§ 3.1 Критика законов: Антифонт, софист и ритор
л
Трактат Антифонта «Об истине» опубликован около столетия назад, но оживленная дискуссия вокруг взглядов его автора не стихает. Скажем, ему приписываются политические взгляды широчайшего спектра - от олигархических
-э
до анархистских .
Однако в юридической науке, особенно российской, на Антифонта смотрят прохладно. По представленному в недавней статье Л.В. Батиева распространенному мнению, в творчестве этого софиста ярко выражены «разделение и противопоставление природы и закона, а также сферы моральности и сферы легальности, релятивизм и утилитаризм»[364] [365] [366] [367]. Тезис, считаем мы, может быть скорректирован, поскольку в его основе лежит изолированное прочтение фрагментов трактата - прежде всего, следующих: «Предписания законов произвольны [искусственны, веления же] природы необходимы», «многие [предписания, признаваемые] справедливыми по закону, враждебны природе [человека]», «что же касается полезных [вещей], то те из них, которые установлены [в качестве полезных] законами, суть оковы [для человеческой] природы, те же, которые определены природой, приносят [человеку] свободу» (Ant. 44. A1-4, здесь и далее пер. А.О. Маковельского).Разберемся, что для Антифонта природа (physis). Ее исследование в трактате открывается знаменитым пассажем - «по природе мы все во всех отношениях равны, притом [одинаково] варвары и эллины» (Ant. 44.BI). Ниже Антифонт разъясняет свое видение природы: она совершенно конкретна и сводится к физиологии. Логично предположить, что «веления природы», о которых говорится в трактате, есть не более чем минимальные требования, игнорирование которых чревато физическим вредом. К счастью, эти требования исполняются непроизвольно и не требуют от человека никаких усилий. Необременительностью они приносят только свободу[368]. Пример - необходимость дышать.
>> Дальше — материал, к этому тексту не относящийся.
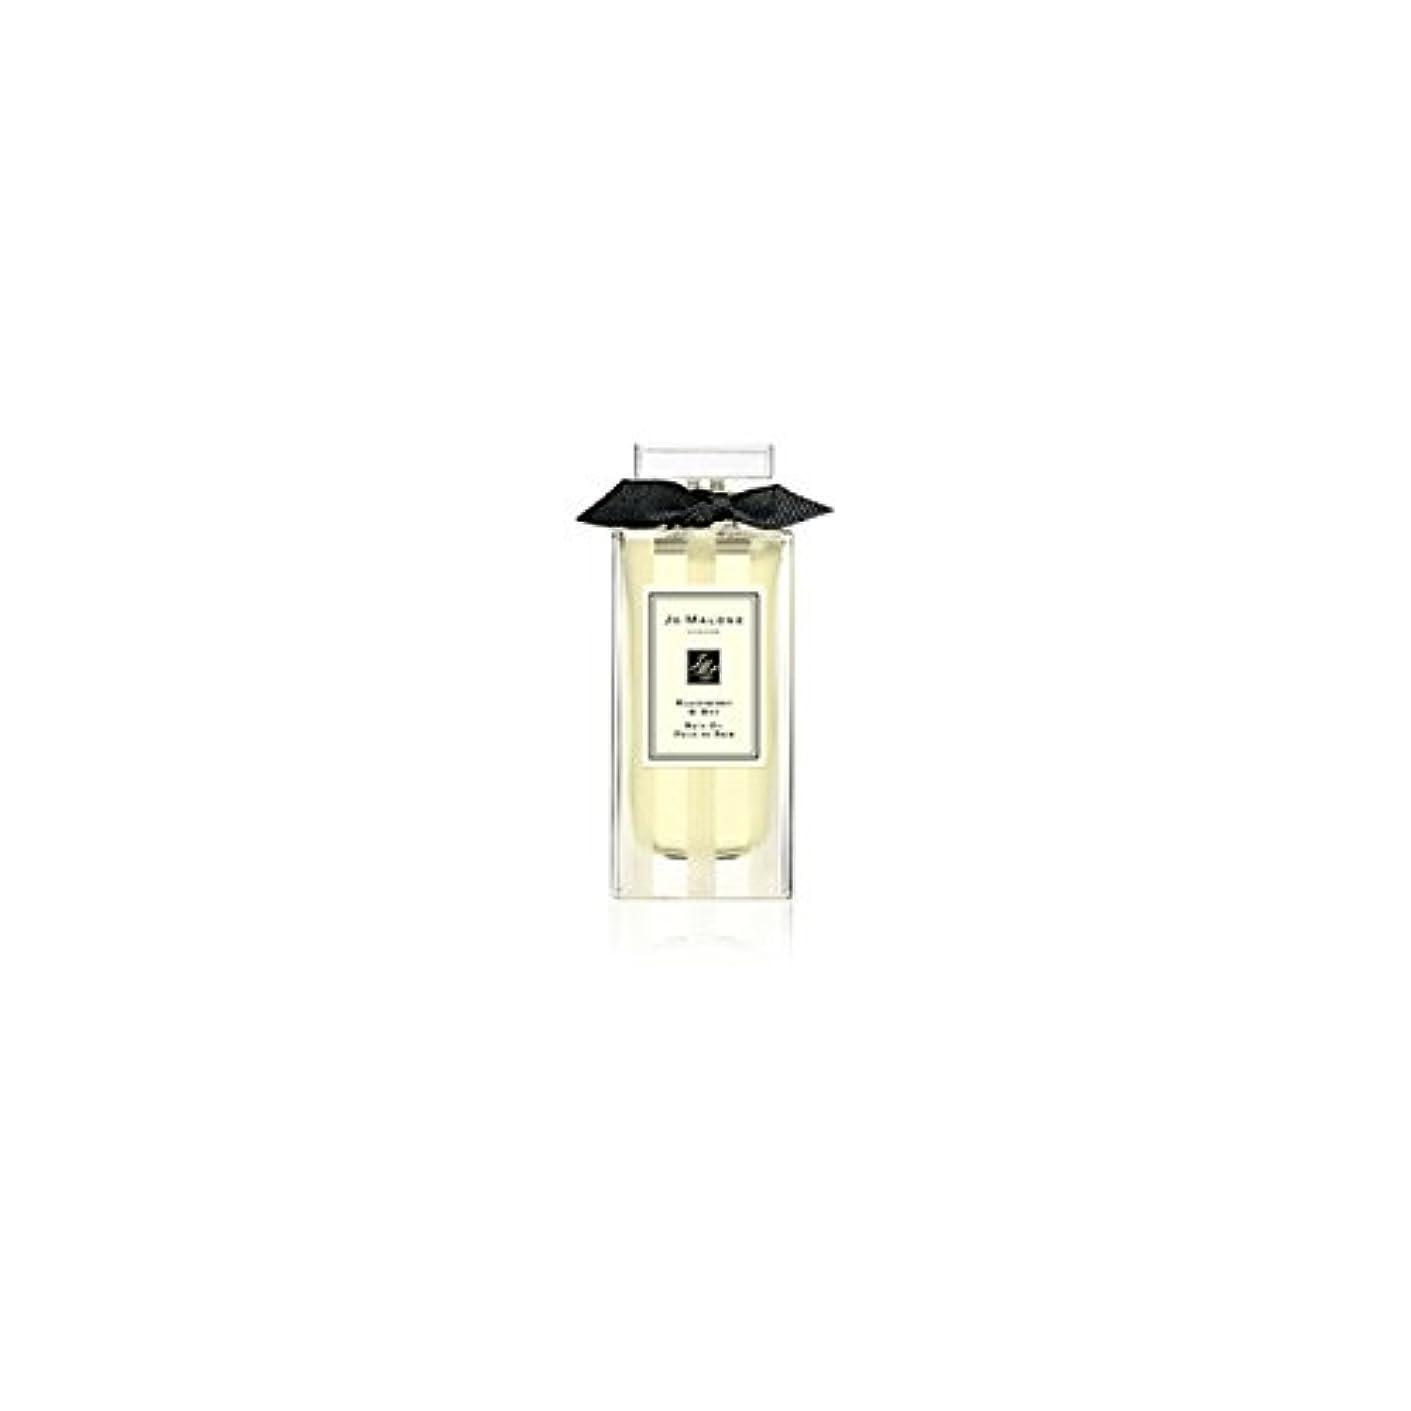 名目上の不和シリングJo Malone Blackberry & Bay Bath Oil - 30ml (Pack of 6) - ジョーマローンブラックベリー&ベイバスオイル - 30ミリリットル (x6) [並行輸入品]

О законе вообще и о «сфере легальности», в трактате речи не идет, так что говорить о противопоставлении сфер не вполне верно. Обсуждаются отдельные законы; причем, как верно отмечает Т. Сандерс, Антифонт осуждает их «не потому, что они законы, а потому что они враждебны природе, невыгодны и бесполезны»2. Первая причина из выделенных Сандерсом - самая важная. Если требования природы необременительны, то предписания законов указывают, что следует видеть и не видеть, слышать и не слышать, что говорить, а что нет; находятся предписания даже для мысли (Ant. 44. A3). Все это требует напряжения, а любое напряжение причиняет человеку неудобство и, следовательно, страдание. Антифонт приводит враждебные природе предписания: нельзя нападать первым, но можно только защищаться; надо быть добрым даже к плохим родителям; приходится допускать противника на суде к даче клятвы (Ant. 44. A5). Критическое отношение Антифонта к этим требованиям связано не только с его философской позицией, но и с политическими взглядами. Аристократ своего времени, Антифонт наверняка считал законодателей и заседателей народных судов невежами, подверженными манипуляциям и ошибкам. Аристократы были убеждены: «дела человека прямо исходят из его личности, а личность наследуется от предков»[369], поэтому человек хорошего происхождения и благородный (оба качества соединялись в понятии «аристократ») должен больше полагаться на собственные суждения, чем на законы. Надо полагать, именно такие люди составляли аудиторию софиста. А вот акты демократических Афин давали предписания общие, «без разбора», что влекло страдания, по крайней мере, в некоторых случаях. Закон совершенно верно допускает лишь оборону, но насколько верен запрет превентивных действий против готовящегося напасть преступника? Необходимо помогать добрым родителям, но нужно ли требовать помощи родителям дурным? И то и другое враждебно природе, а равно невыгодно и бесполезно. Антифонт предвосхитил рассуждения Платона и Аристотеля об общем характере законных предписаний, но усмотрел в нем недостаток законов, а не их сущностное качество.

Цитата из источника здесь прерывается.